Igor Stasenko siguctua at gmail.com
Sun Mar 10 15:30:05 UTC 2013


On 10 March 2013 06:47, Colin Putney <colin at wiresong.com> wrote:
>
>
>
> On Sat, Mar 9, 2013 at 6:48 AM, Igor Stasenko <siguctua at gmail.com> wrote:
>
>>
>> Well, maybe it's an overkill .. it is mainly about speed and reusing
>> VM's lookup mechanism
>> for searching a name over multiple scopes (when you have namespaces
>> with imports).
>>
>> On a first run, you will replace
>> "read value of <binding>" bytecode with " send #value to <binding>"
>> but that implies having a binding at compile time (you must lookup for
>> a name at compile time).
>> It also means that you won't change anything semantically: even though
>> you sending a message,
>> you still accessing the very same state which you bound early at compile
>> time.
>
>
> Right.
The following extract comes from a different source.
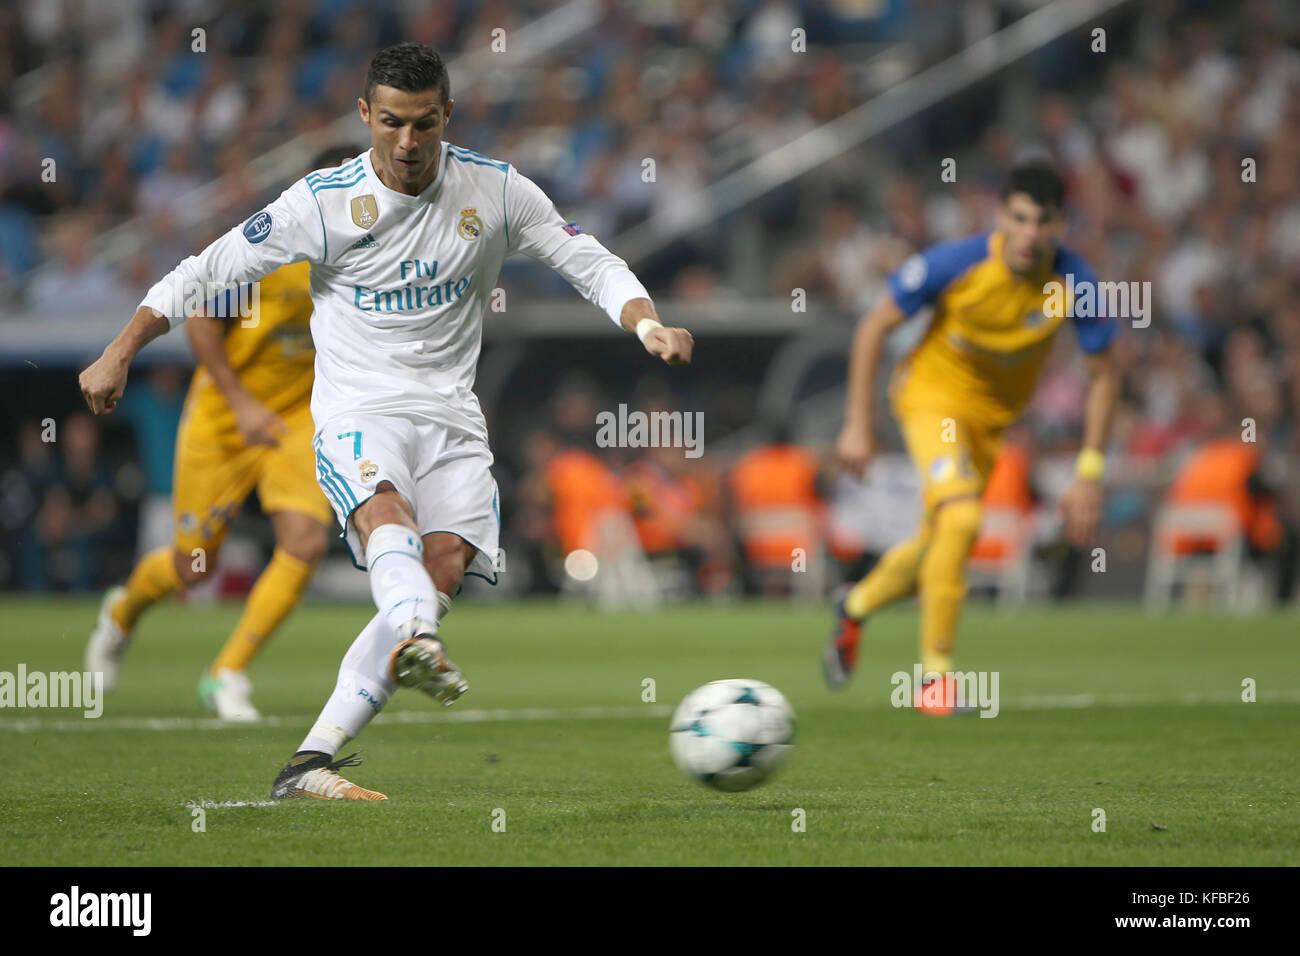 Madrid Spain Cristiano Ronaldo Scores 2 0 Shooting A Penalty Kick Stock Photo Alamy

The lookup happens at compile time. When the method is actually
> executed, we're just fetching the value from the binding we found at compile
> time. I don't see how that's going to be slow. In the most common case, a
> class reference, it's not even a message send, because we have a dedicated
> bytecode. For global variables, it'll be two message sends: we send #value
> to the alias binding, which then sends #value on to the canonical binding in
> the environment's "contents" dictionary.
>

okay, so as i understood, every namespace will have a set of own alias bindings
which can point to some "real" binding..
and then when things need to be changed, you have to change those
aliases instead of recompiling methods.
And only if method/class goes to different namespace you need to
recompile it, to rewire code with different aliases.

Yes, that's quite simple.

>> Then, i wonder, if such change is actually worth doing. Because if you
>> don't do lookup dynamically,
>> then there is no change.
>
>
> Sure there is. We still bind names at compile time, but we have changed the
> way names are resolved.
>

> Colin

-- 
Best regards,
Igor Stasenko.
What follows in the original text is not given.